Trial Court Judge: Judge Timothy R. Brock

This is the second appeal by the father of three minor children challenging the termination of his parental rights. Mother’s parental rights were terminated in 2009 and are not at issue. In the first appeal, this Court found the Department of Children’s Services failed to make reasonable efforts to reunite the children with the father and therefore reversed the termination of Father’sparental rights.In re Keisheal,N.E.,No.M2009-02527-COA-R3-PT, 2010 WL 2176104, at *1 (Tenn. Ct. App. May 28, 2010). Following the first appeal, a new petition was filed. After the second trial, the trial court found the petitioners established the ground listed in Tennessee Code Annotated § 36-1-113(g)(8)(B)(i) that: “[t]he parent . . . is incompetent to adequately provide for the further care and supervision of the child because the parent’s . . . mental condition is presently so impaired and is so likely to remain so that it is unlikely that the parent . . . will be able to assume the care and responsibility for the child in the near future. . . .” The trial court further found the Department of Children’s Services made reasonable efforts to reunite the children with the father, and that termination was in the children’s best interest. We affirm.

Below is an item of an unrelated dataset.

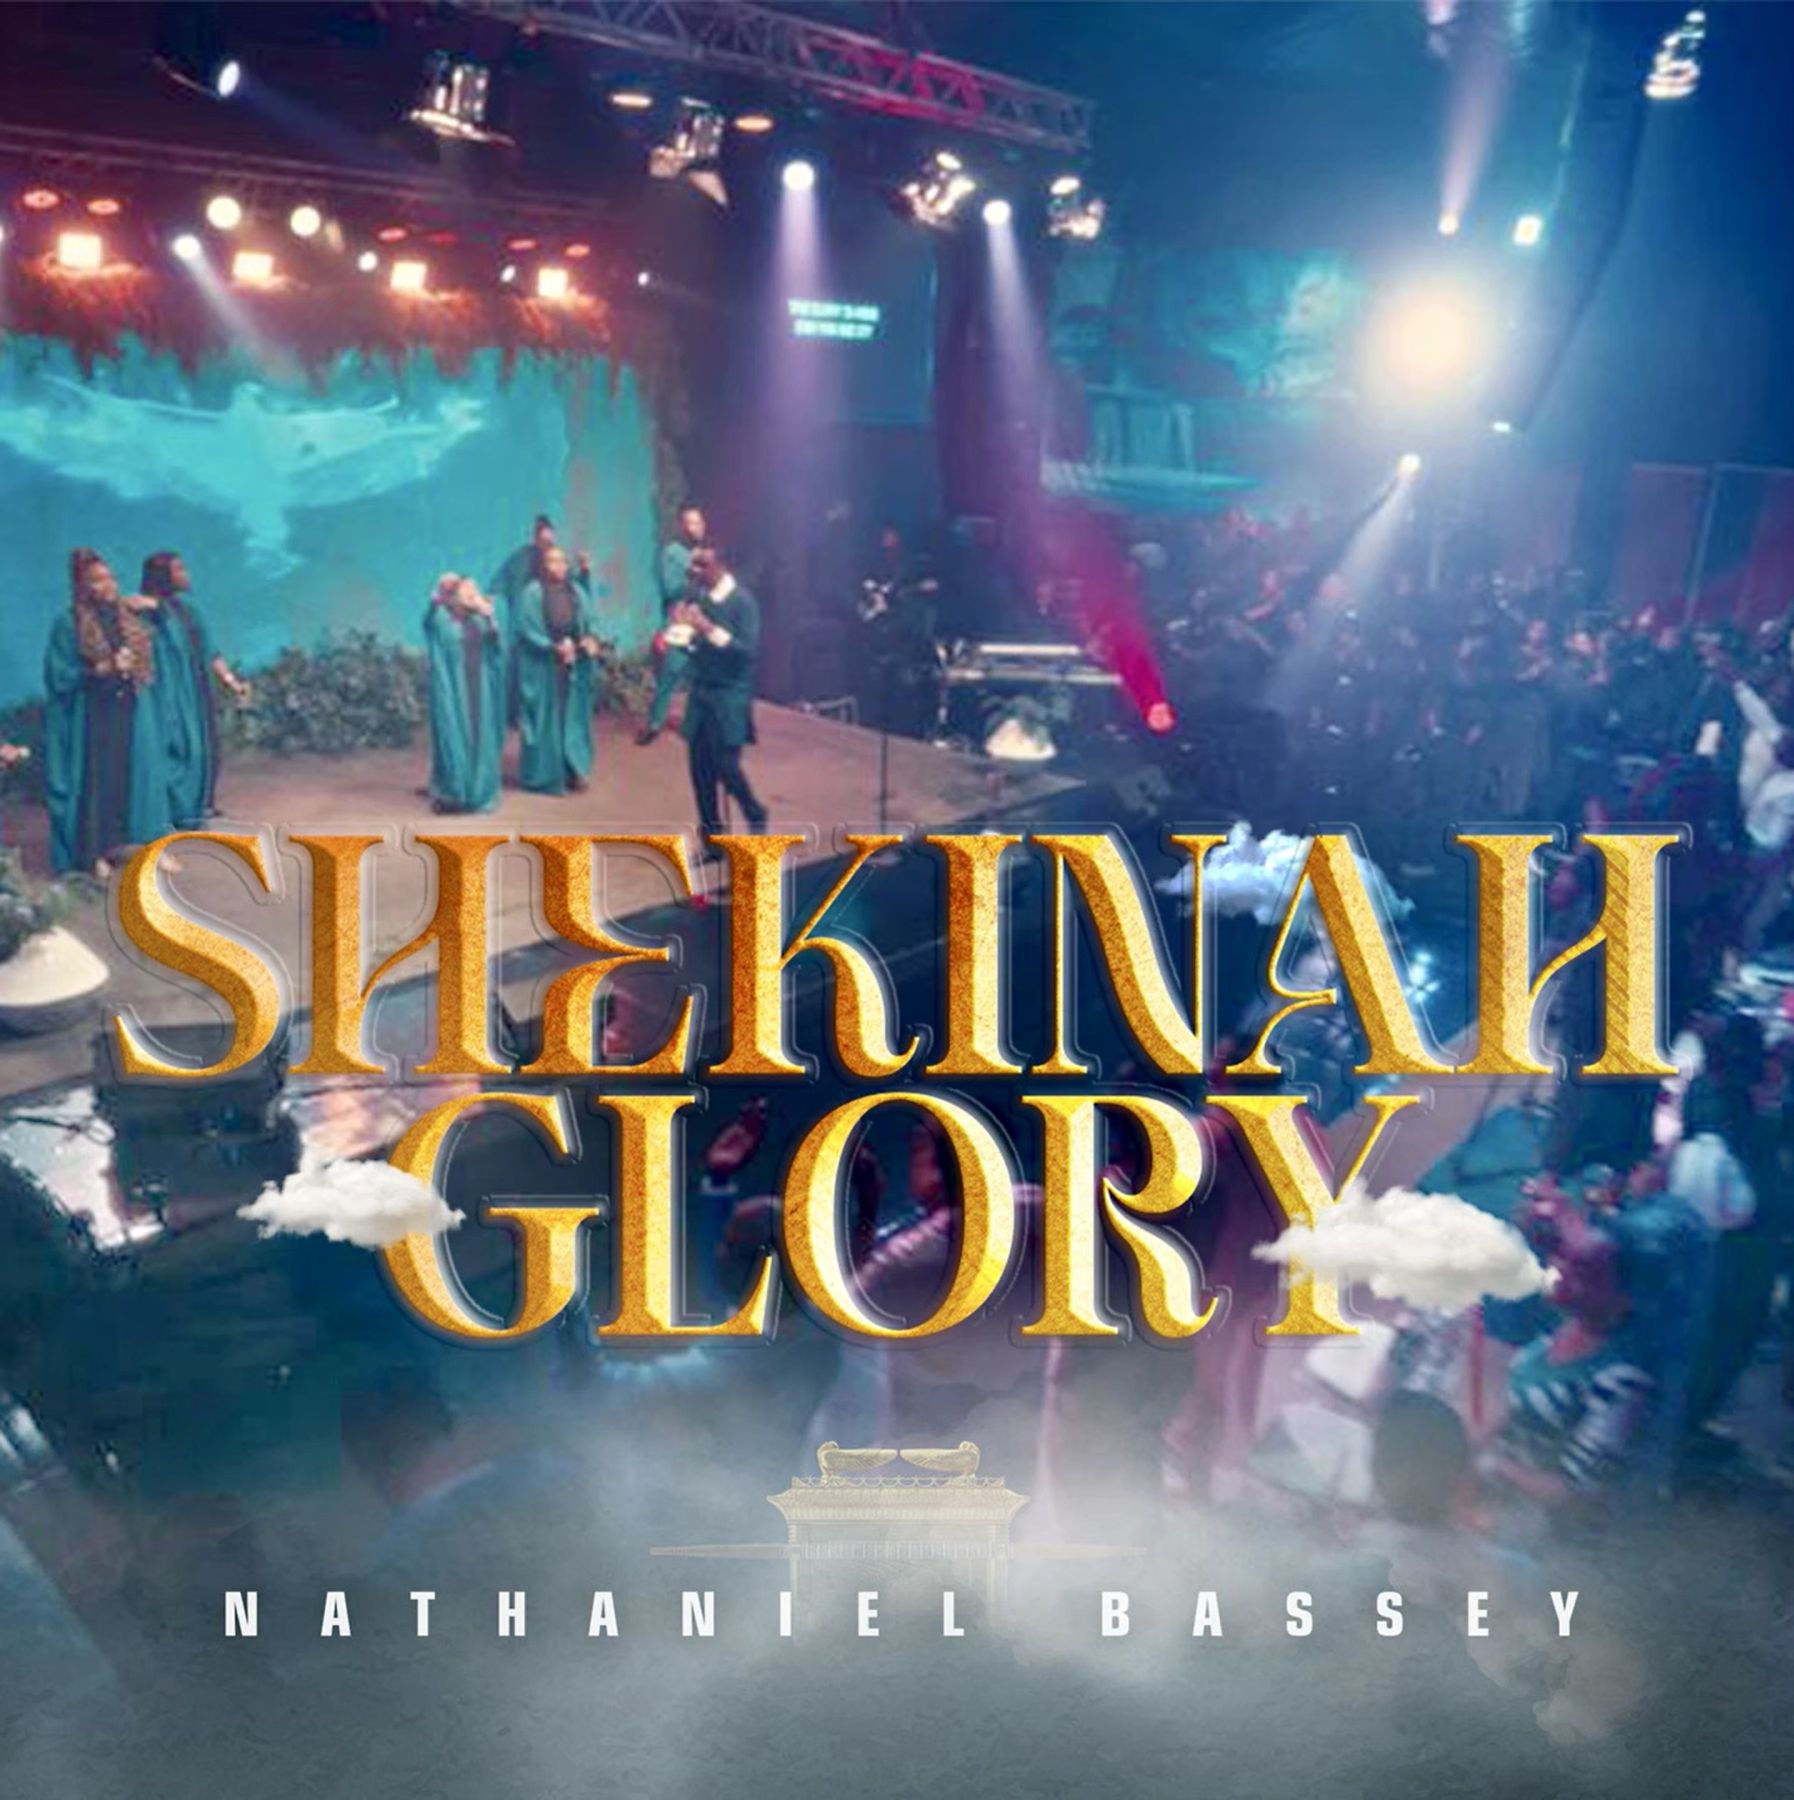 Nathaniel Bassey - Shekinah Glory (Live) 1

Coffee County Court of Appeals 02/04/13
Fayette Janitorial Services and Technology Insurance Company, as Assignee of the Claims of Wesley Kennedy v. Kellogg USA, Inc.
W2011-01759-COA-R3-CV
Authoring Judge: Presiding Judge Alan E. Highers
Trial Court Judge: Judge Jerry Stokes

This appeal involves a tort suit filed after a workplace injury. The defendant filed a motion for summary judgment, contending that it was a statutory employer within the meaning of the Workers’ Compensation Law, Tenn. Code Ann. § 50-6-113, and therefore, it was immune from the tort claim asserted on behalf of the injured worker. The trial court granted the defendant’s motion for summary judgment. Plaintiffs appeal. We affirm.